All of this makes me wonder (not for the first time) about what in the holy heck used to chase Pronghorns. Also (wrongly) called antelope, Pronghorns live in the Western United States and are unfrickin’godly fast. Adults can not only run at 55 mph, they can do it for hour, after hour. They can hit peak speeds of 61 mph. That’s not quite as fast as peak cheetah (70+), but it’s a good 10 mph faster than an impala.
If pronghorn were actually driven to that speed by predation, then the American plains once held an animal that could top 80 mph.
Ibuprofen can numb your little swimmers.
Keeping it brief (no pun inten… no, that’s not true) taking too much ibuprophen over a long period of time can make men infertile. Or, to put it terms that took me ten reads to understand …
The study shows that ibuprofen use results in selective transcriptional repression of endocrine cells in the human testis. This repression results in the elevation of the stimulatory pituitary hormones, resulting in a state of compensated hypogonadism, a disorder associated with adverse reproductive and physical health disorders.
It seems to go away if you stop, and also suggests that taking ibuprophen over a very extended period could cause other problems. Like loss of bone mass and maybe development of breasts.

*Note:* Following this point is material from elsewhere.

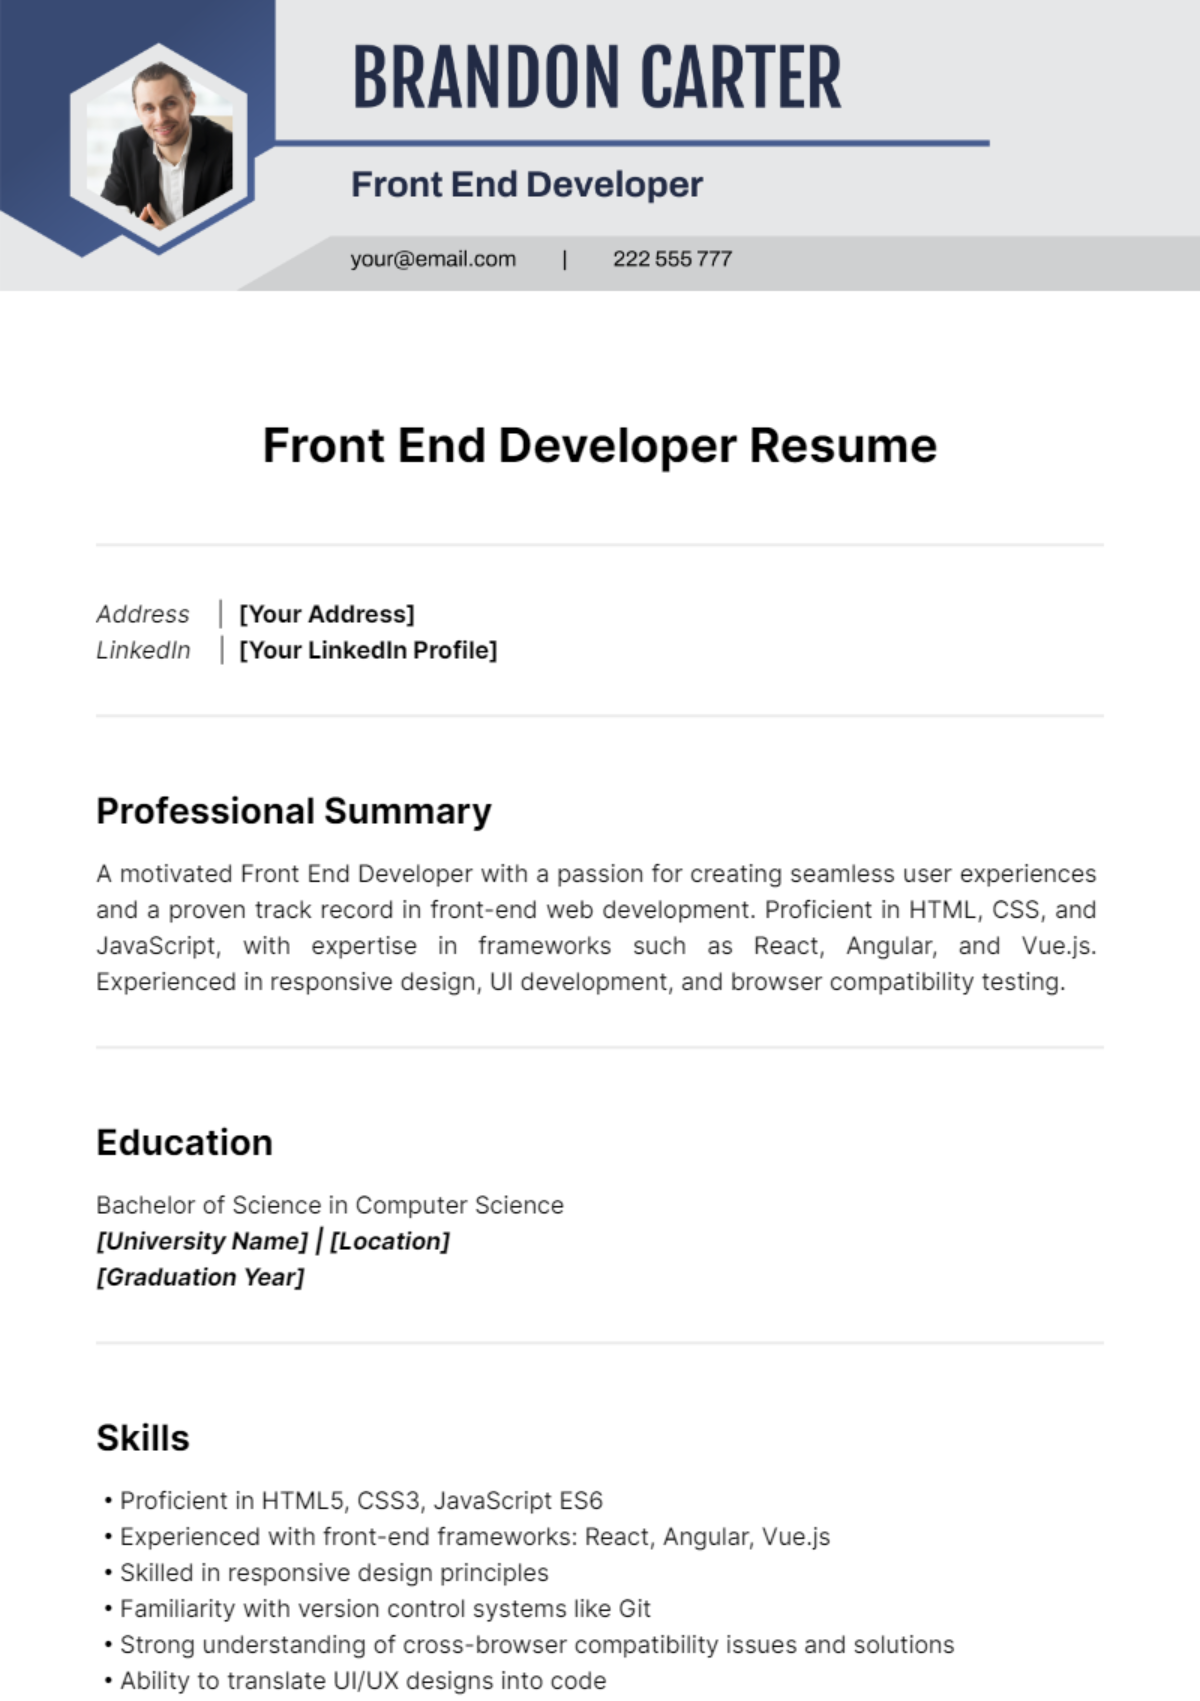 Front End Developer Resume Template

So … don’t take it for months on end.
Things to look for in the quite near future.
Nature asked a series of experts to give them their most-looked-for developments of 2018. Here are a few of the things they are looking out for…
Harvard Geneticist George Church says we now have the tools to do some serious large scale re-coding of the genome, including ...
‘Codon recoding’ is a completely generic way to make any organism resistant to most or all viruses and requires tens of thousands of precise changes per cell.
Xiaowei Zhuang, Director of Harvard’s Center for Advanced Imaging, wins the award for most brain-huring acronym of the year so far…
My lab is developing MERFISH, or multiplexed error-robust fluorescence in situ hybridization, an image-based, single-cell transcriptomics approach.
Elaine Mardis from the Institute for Genomic Medicine at Nationwide Children’s Hospital is pressing forward on the rapidly changing field of immunotherapy for cancers.
One exciting technology that could be used to study these neo-antigens is CyTOF, a so-called mass-cytometry method for identifying cells that express specific proteins.
Swiss biologist Ruedi Aebersold is looking to connect better imaging to better treatment.
Such altered complexes can then be studied at the structural level using cryo-electron microscopy single-particle analysis or cryo-electron tomography (CET), both of which can image molecules at a resolution of around 5–10 ångströms. This is high enough to visualize how mutations change the composition, topology and structure, and by inference the function, of the affected complex.
Rebecca Calisi Rodríguez, reproductive biologist at UC Davis, is excited about how ubiquitous genetic tools are becoming.
It took around US$3 billion to sequence the human genome 15 years ago. It costs a few thousand dollars today, and the price is still falling. This is important because it allows us to investigate animals not usually studied in laboratories in the ecosystems and habitats in which they have evolved, which has the potential to yield more physiologically relevant data.
Neuroscientist Vivienne Ming from Socos Labs has a kind of scary idea about all those little devices sitting around our homes.
We think of a single Alexa device, the Internet-connected smart assistant developed by Amazon, as a lone personal assistant, but it is more accurate to recognize it as part of a massively distributed multisensor array extending into millions of homes and feeding an enormous experimentation system that is the true Alexa. Rather than millions of individual robots, it is a single artificial intelligence (AI) that is constantly learning about the world, with the actions of one family influencing its exploration, and exploitation, of another.